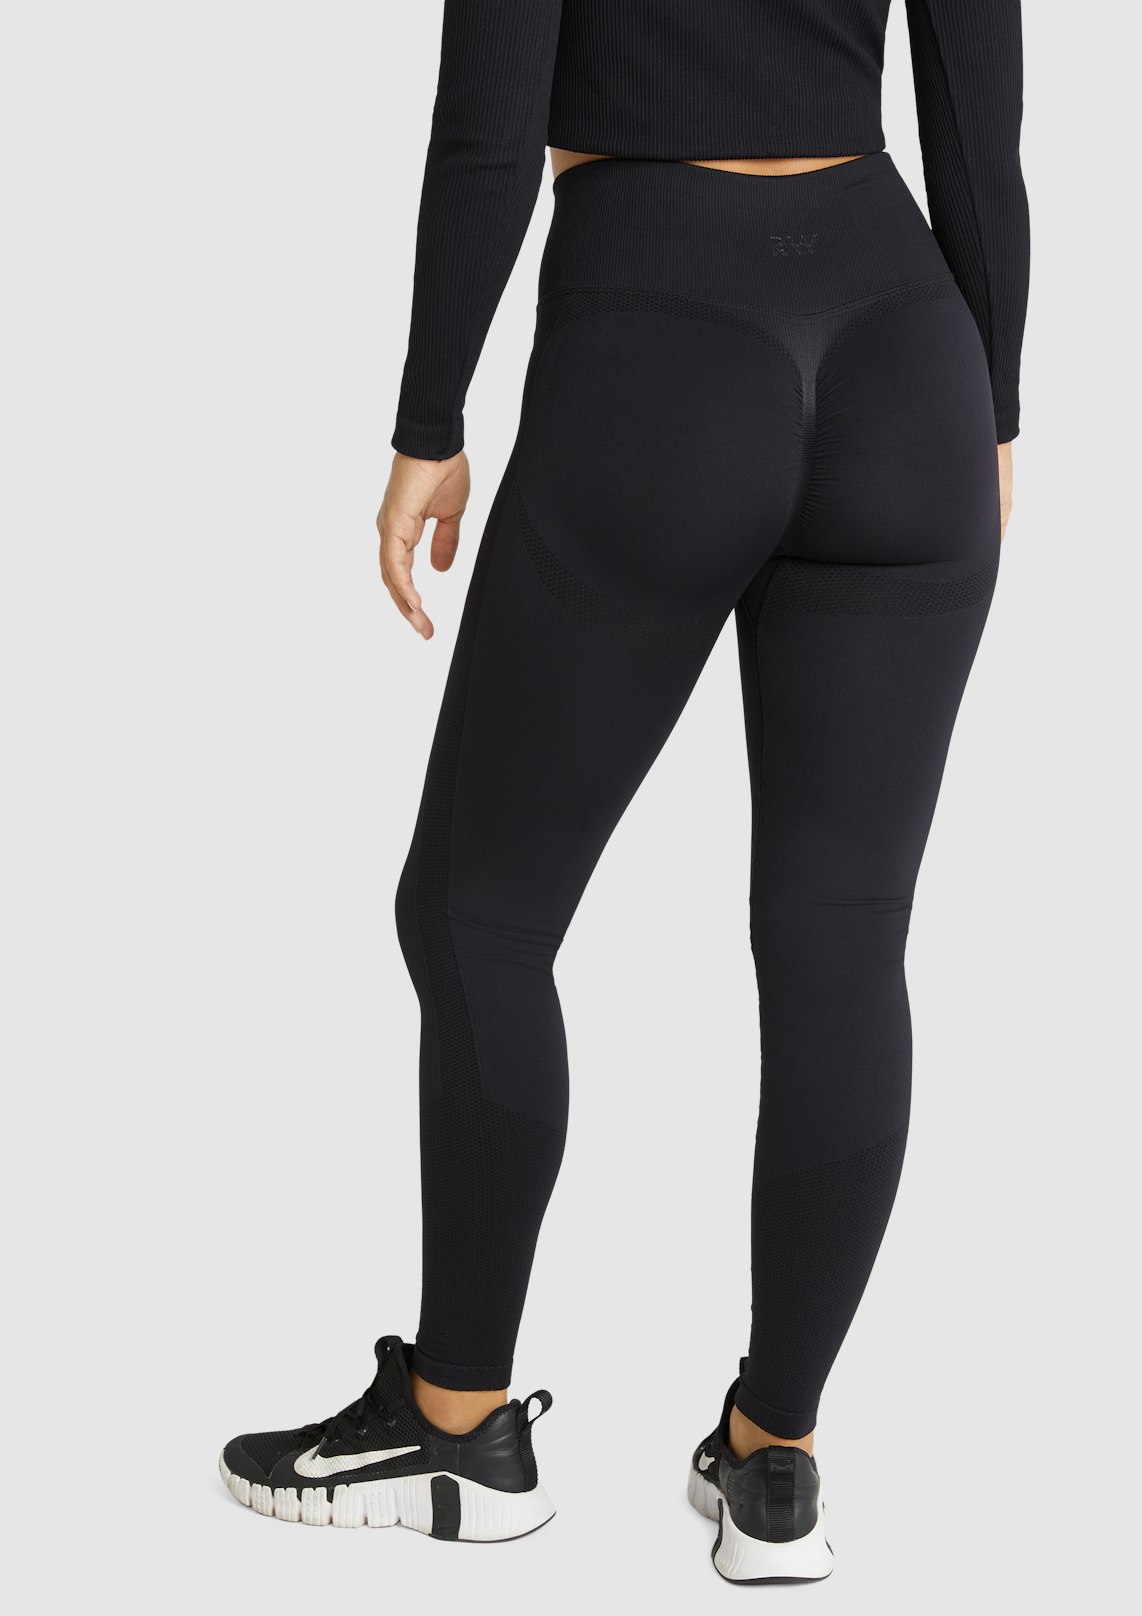 Fitness yoga leggings female seamless carry buttock of tall
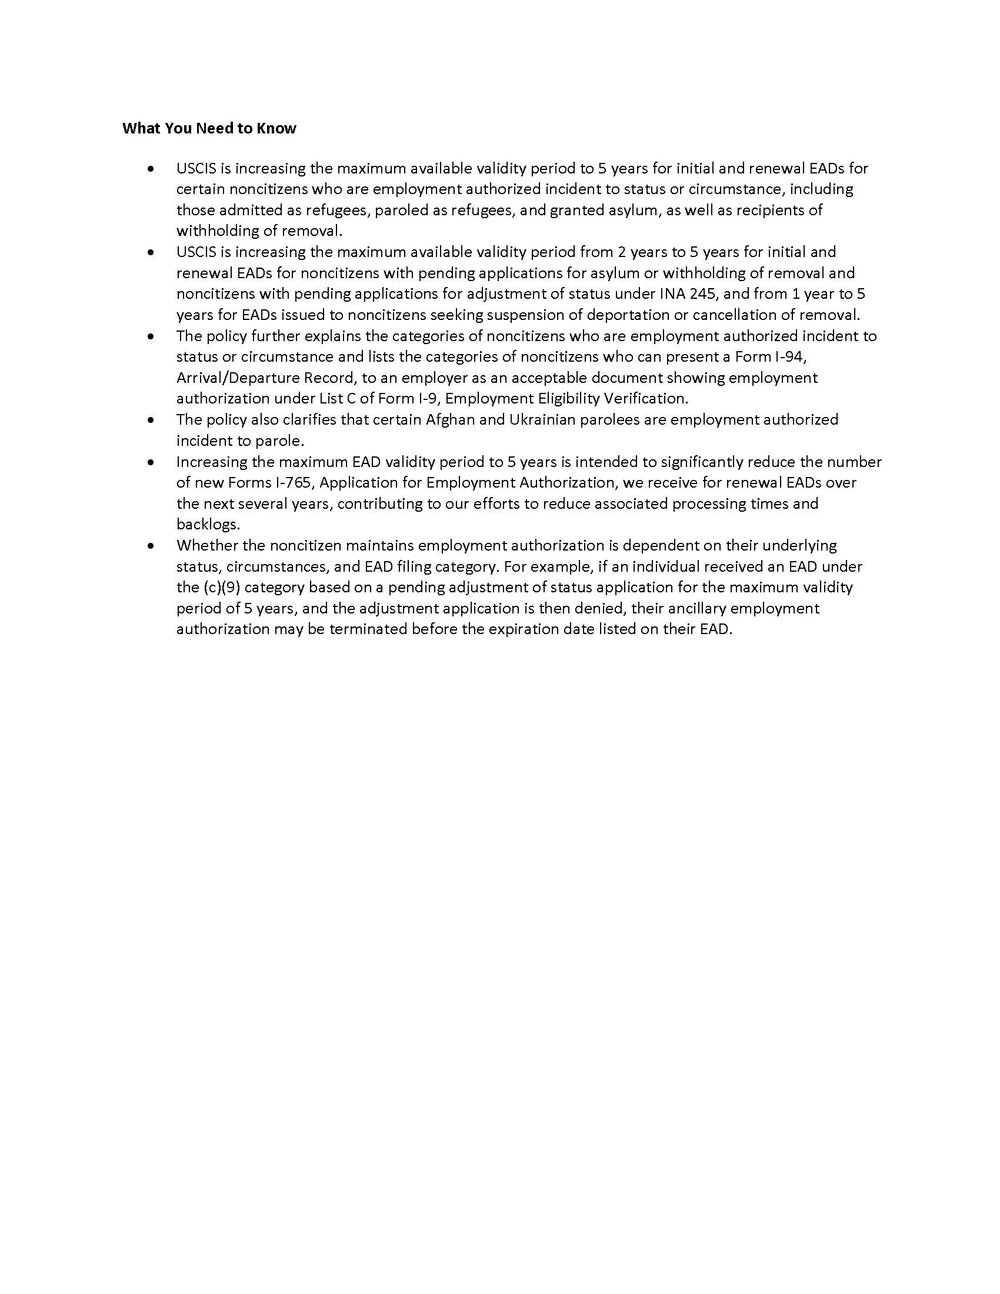 USCIS Increases Employment Authorization Document Validity Period for Certain Categories_Page_2.jpg
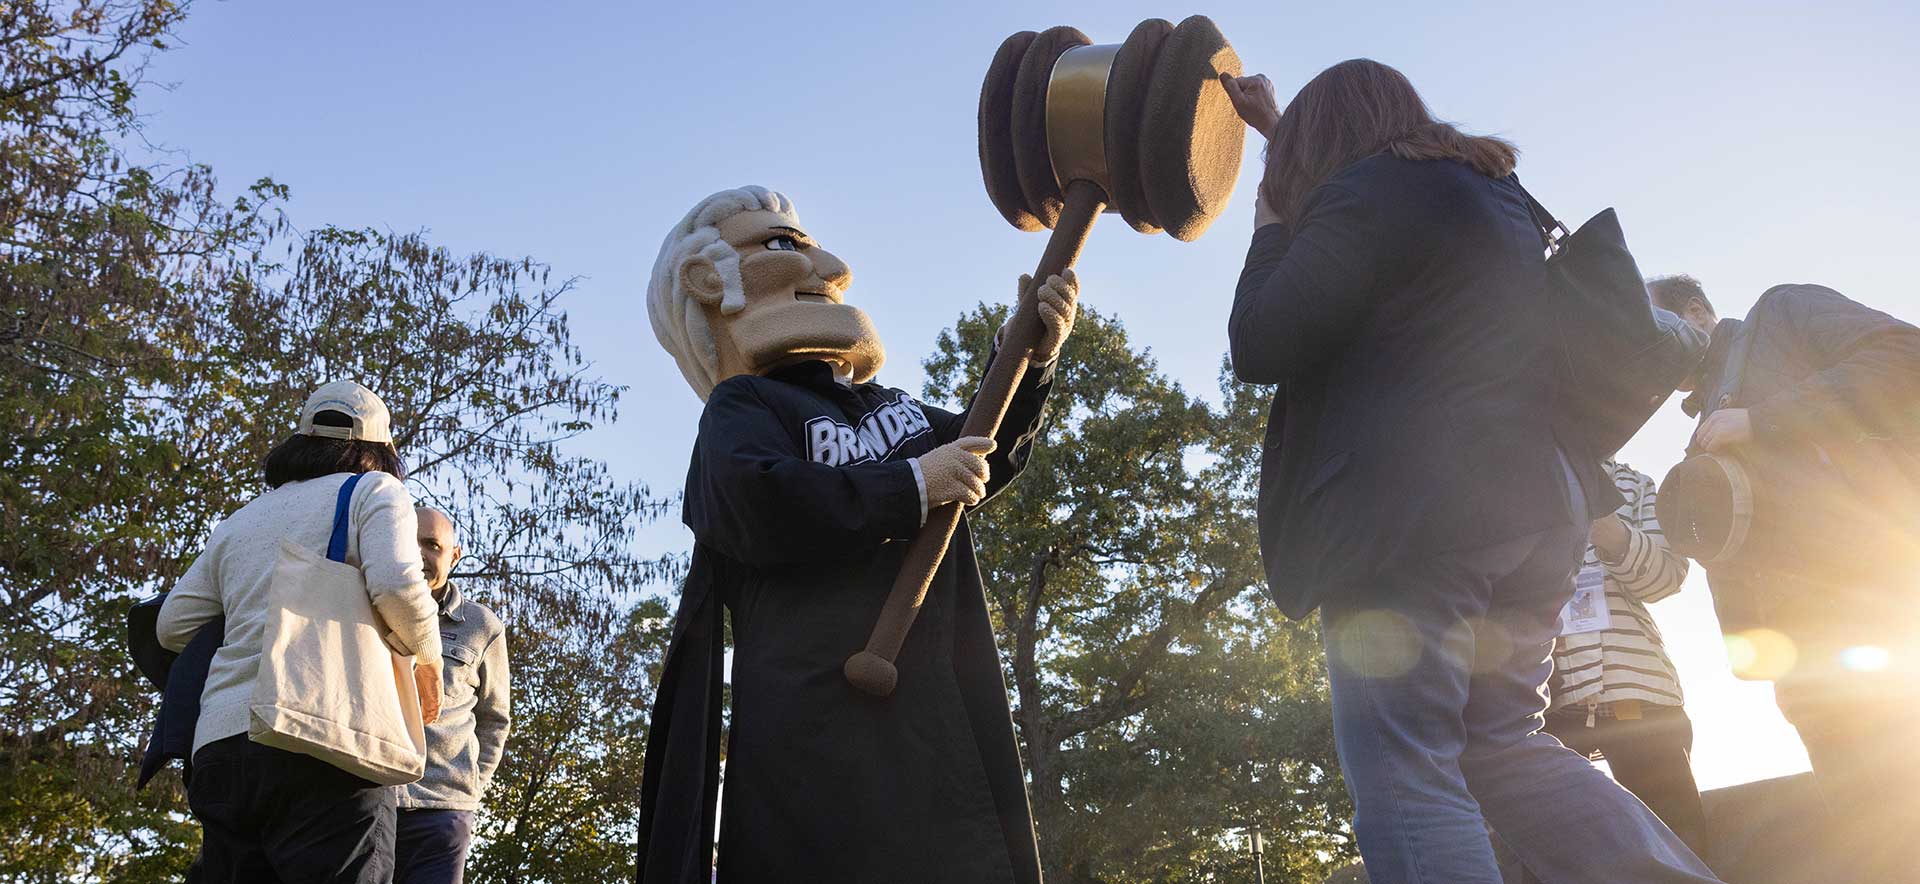 A person high fives the Brandeis Judge mascot's gavel
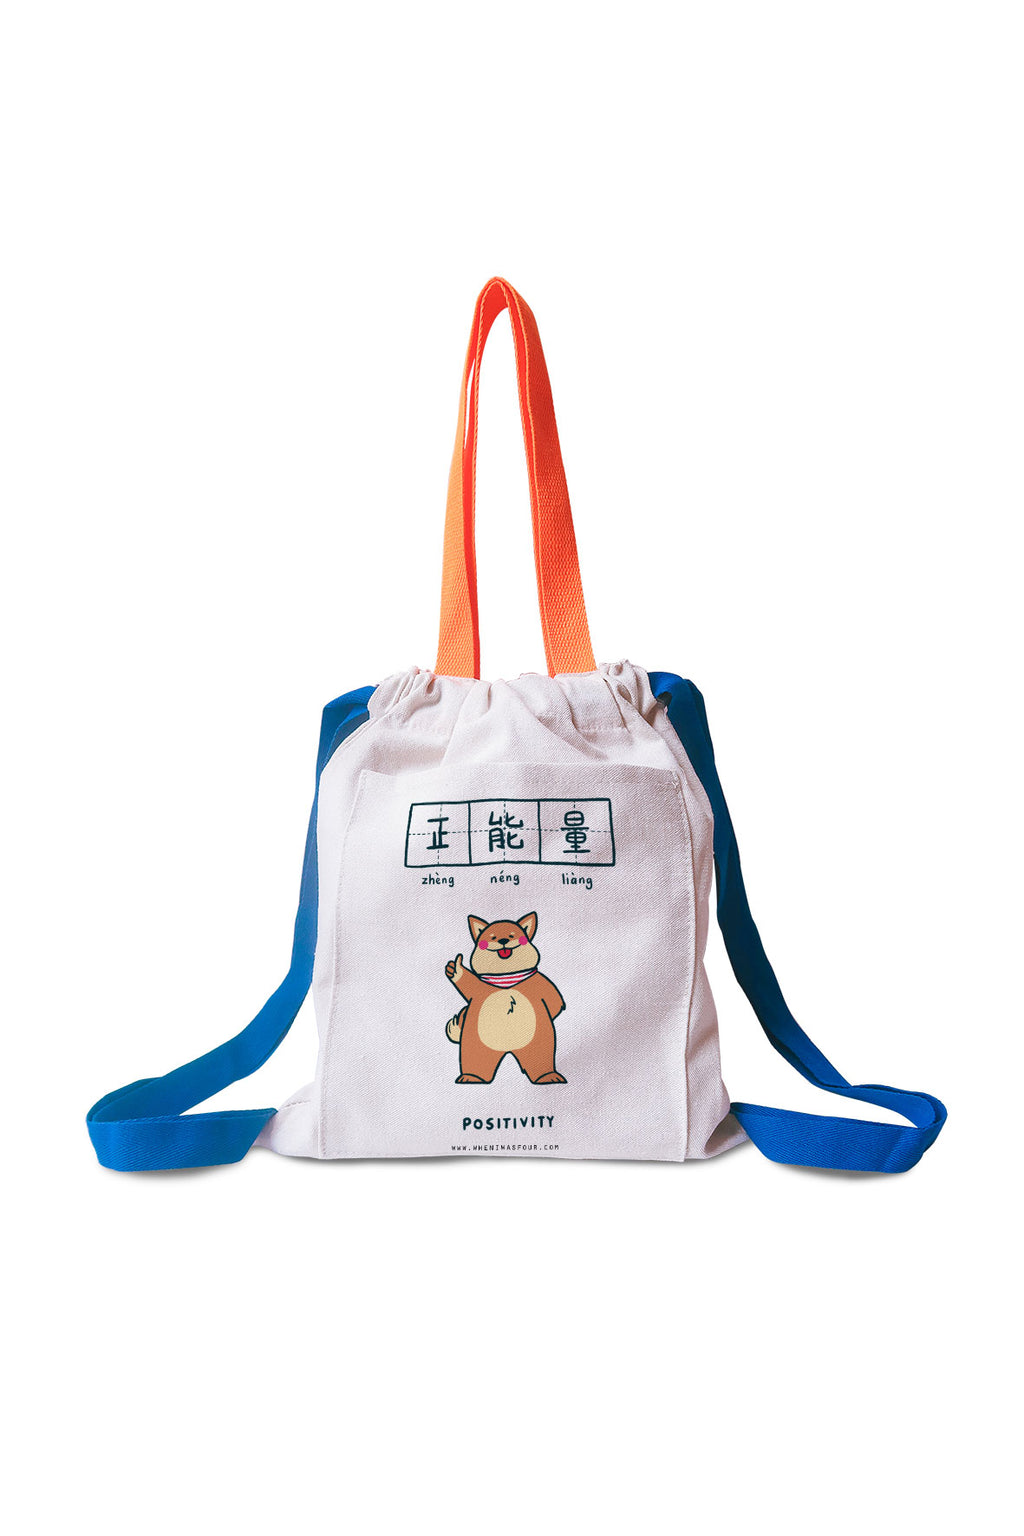 Positivity Kids Backpack - Backpack by wheniwasfour | 小时候, Singapore local artist online gift store

- Task description
For this task, give the full listing again verbatim and keep out every picture.

- Expected answer
 Fitness yoga leggings female seamless carry buttock of tall
 USCIS Increases Employment Authorization Document Validity Period for Certain Categories_Page_2.jpg
 A person high fives the Brandeis Judge mascot's gavel
 Positivity Kids Backpack - Backpack by wheniwasfour | 小时候, Singapore local artist online gift store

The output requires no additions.